Решительный отказ немецкого правительства стоит, по словам все того же письма, в связи с тем, что в Берлине в тот период господствовало стремление добиться во что бы то ни стало сепаратного мира с Россией.[112]
На этом, разумеется, настаивали самые реакционные круги. Главная причина отказа лежит, однако, по словам письма, в нежелании немецкого правительства отказываться от аннексионных притязаний. В связи с этим получает новое освещение заявление, сделанное 15 марта председателем прусской палаты депутатов, Ведель-Писдорфом: «Если бы мы не хотели ничего иного, как отбить нападение наших врагов, то, я думаю, не было бы слишком трудно достигнуть в течение короткого времени мира. Но этим Германия не могла бы удовлетвориться. После стольких чудовищных жертв, которые мы принесли людьми и достоянием, мы хотим большего». В свое время спрашивали себя, говорит берлинское письмо, какая муха укусила председателя? Теперь выясняется, что он явился представителем тех кругов, которые опасались успеха американской инициативы.В середине апреля сделана была рассказанная выше голландская попытка. А 24 апреля «Norddeutsche Allgemeine Zeitung» излагала следующие соображения в высоко официозной статье: "С разных сторон мы слышим, что в стране распространяются слухи о подготовлении к мирным переговорам. Указывают, далее, что сделаны подготовительные шаги для достижения сепаратного мира с Англией на основе известных английских пожеланий и требований.

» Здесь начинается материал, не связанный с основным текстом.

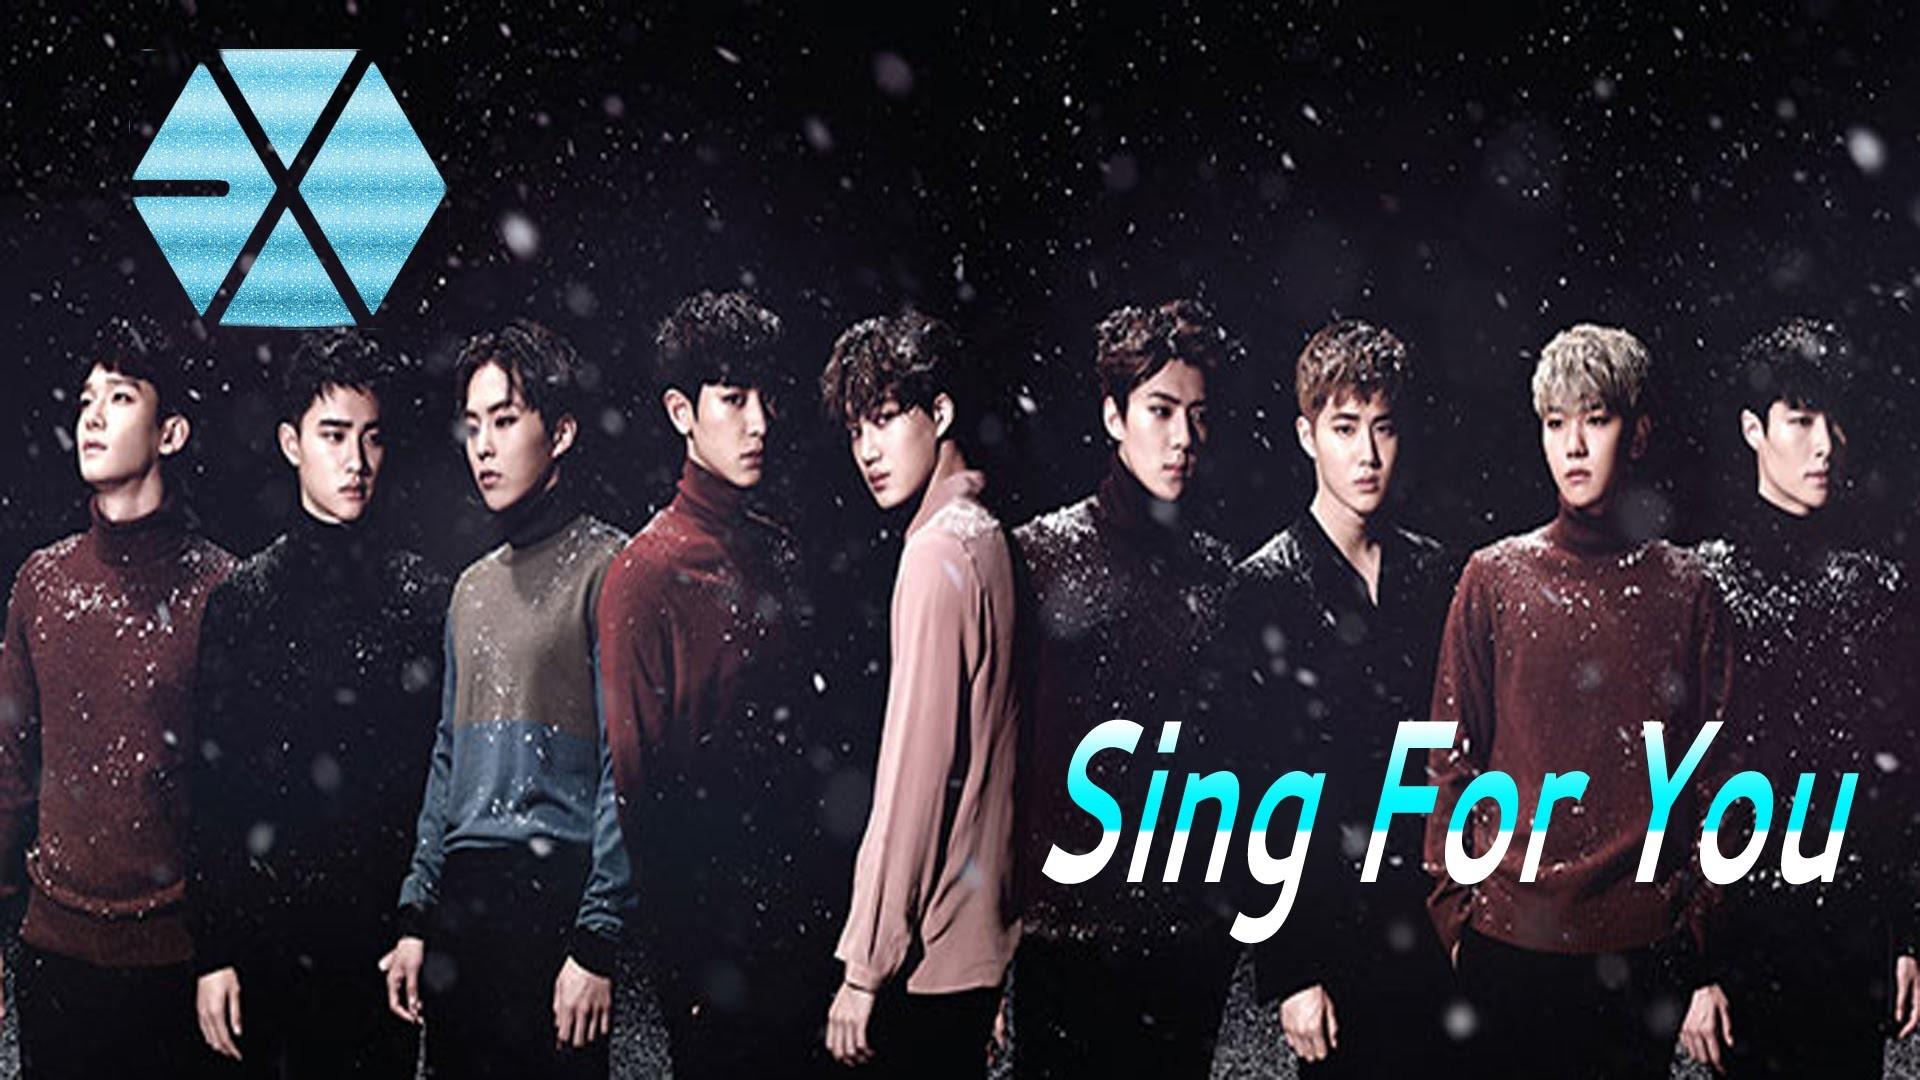 EXO – Sing For You [Chipmunks Version]

…Никакой здравомыслящий человек не может думать о том, чтобы отказаться от выгодного для Германии военного положения в целях преждевременного заключения мира. Согласно данной канцлером в его речи общей характеристики целей мира, – а только о такой характеристике сейчас и может идти речь, – мы должны использовать каждое преимущество военного положения, дабы добиться уверенности, что никто не отважится более нарушать наш мир. На этом мы должны стоять. Слухи о немецкой склонности к миру являются, ввиду нашей неизменной готовности к поражению врагов, вздорными или злостными, во всяком случае пустыми измышлениями". Правительственный официоз высказал после голландской попытки те же мысли, какими председатель прусской палаты депутатов ответил на американскую попытку.
В мае Бетман-Гольвег[113]
давал вождям политических партий более конкретные сведения относительно немецких целей мира. Вот что сообщает об этом берлинское письмо «из аутентичного источника»: на востоке хотят исправления границ из стратегических соображений; что касается Бельгии, то нет необходимости прямо аннексировать ее, можно создать себе и другие «гарантии», если, оставив стране ее самостоятельность, заставить ее примкнуть к немецкому таможенному союзу,[114] вместо наполеоновского Code civil ввести гражданские законы Германии и заключить железнодорожную и военную конвенцию.Таковы разоблачения, исходящие из кругов немецкой с.-д. оппозиции, ведущей непримиримую борьбу со всем правительством. У нас еще слишком мало данных, чтобы решать, в какой мере нарисованная здесь картина закулисных дипломатических шагов отличается полнотой. Но, как материал для ориентации, приведенные сведения очень поучительны.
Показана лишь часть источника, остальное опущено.